Rarovera Blog

By hello
•
October 3, 2021
IT leaders are in a strong position after digital initiatives saved many businesses. But now, what businesses are asking for is evolving again. Digital Transformation has helped companies become more flexible and resilient in the face of worldwide recession, leaving the more digitally mature among them better placed to prosper in the post-pandemic era . After years of being promoted, piloted and implemented with varying degrees of urgency and success in organizations, digital transformation enabled a rapid pivot to remote working and put the digitization of business processes, including customer and employee experience ( CX and EX ), to a serious stress test.
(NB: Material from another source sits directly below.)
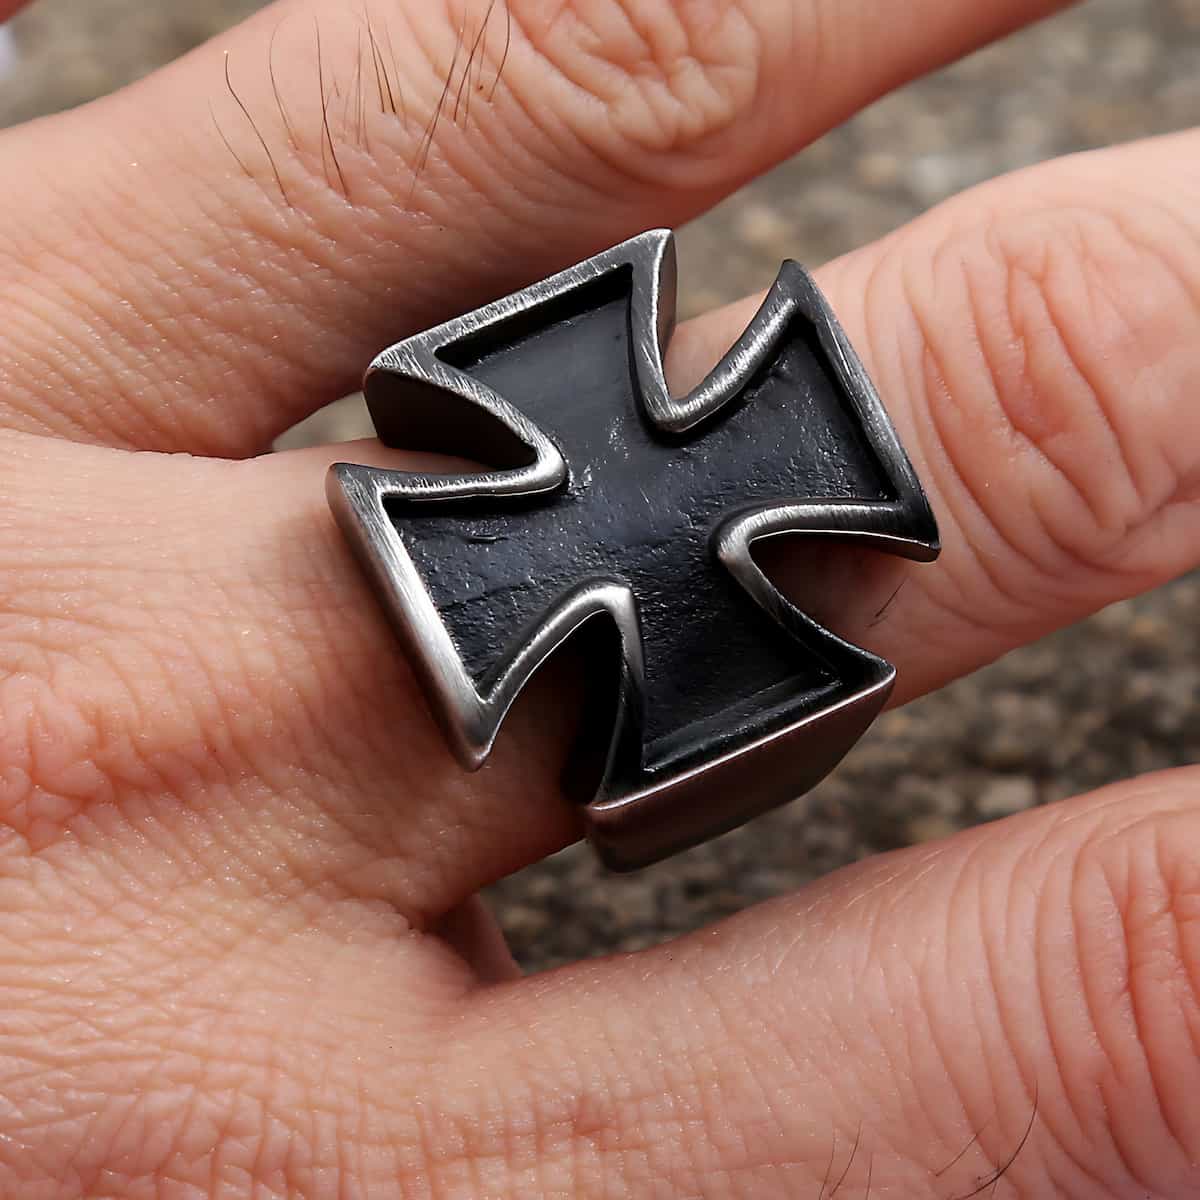 Iron Cross Ring Xenos Jewelry

In its IT Spending & Staffing Benchmarks 2021/22 report, market research firm Computer Economics described technology's role in the rapid recovery from the pandemic as "nothing short of a miracle". Digital transformation passed the test, it seems. Going forward, Computer Economics suggested that the "low-hanging fruit" in cloud migration is now picked and that "We are now in the stage of digital transformation where we are not just replacing existing tools -- we are now enhancing them." In this article we'll examine where digital transformation is likely to go next. What the analysts say ... Towards the end of 2020, in the grip of the pandemic and with vaccine deployment still to come, IDC published its predictions for digital transformation (DX) for 2021 and beyond. The headline prediction was that direct DX investment will total over $6.8 trillion between 2020 and 2023 -- a compound annual growth rate (CAGR) of 15.5%. IDC says that that translates into nearly two-thirds (65%) of global GDP being digitalized by 2022. By 'digitalized', the analyst firm means "the inherent value that digital brings to existing products and additional digital services that companies might offer," explained Bob Parker, senior vice president at IDC, in an accompanying webcast . "This is why digital transformation is really a CEO priority -- more so than a CIO priority," Parker added.